Мысль, что у него закончатся батарейки и он в кромешных потемках станет пробираться на ощупь, путаться, мыкаться, корчиться под давлением вышних недр, приводила его в смертное содрогание, он потел, у него сводило лопатку. И вот он наконец найдет какую-нибудь лестницу, и, обливаясь слезами, примется бесконечно карабкаться, и вдруг наткнется на обрыв лестничного звена — хуже этого он мог придумать только обвал тоннеля, заперший его в тупике.
Именно под землей мысль о том, что он должен будет умереть, стала особенно важной. Это как раз и вывело его на свет Божий. Он много думал теперь о смерти. Причем не как о жгучей абстракции пустоты, в юности приводившей его в мрачное бешенство.
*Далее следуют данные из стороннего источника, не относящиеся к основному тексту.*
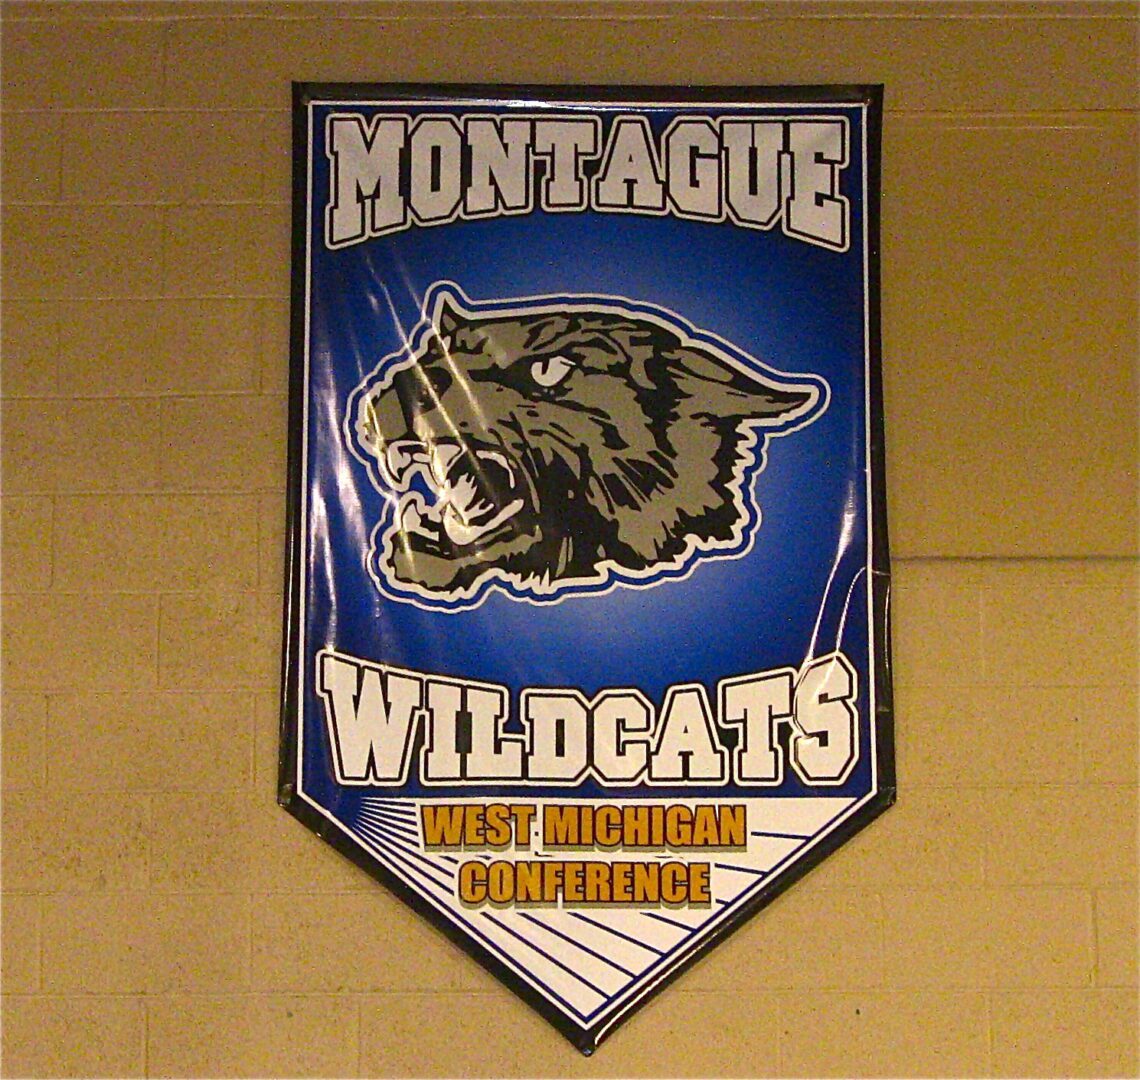 Luke Vanboxel scores 29 points to lead Montague to first basketball win of the season over Orchard View

Думал он теперь о существенности и вещности смерти. О том, как все это будет происходить — быстро, ловко, незаметно или, напротив, мучительно и неуклюже, с трусостью и паническим пботом, с трудом неприятия, унижения, увиливания и неумелой торговли; или, напротив, вдруг его одарит бытие покойным, тягучим сном, в который он возьмет весь свой открытый мир, без прикрас и неточностей, без пробелов и скрытности, без этих сверхсветовых обмороков, которые высекает из его сетчатки слепящий тонкий человек своей кремнистою подошвой, чьего лица ему никак не разглядеть.
LXXIII
Он в самом деле упивался свободой. Единственное, что мучило, — гигиена и трудный сон в неверном месте, на подхвате у случая. С вечера старался пополнить бутылку с водой, чтобы утром промыть со сна глаза и, самое главное, почистить зубы. С грязными зубами жить ему не хотелось. Устраивал он постирушку, мыл голову — либо в девятом таксопарке, либо на Ленинградском вокзале, либо основательно в душевой бассейна “Дельфин” на Первомайской, где до сих пор билет стоил полтинник и где он еще и плавал, но немного, экономно, поскольку находился в режиме недоедания. Излишние траты сил обременяли хлопотами о пище.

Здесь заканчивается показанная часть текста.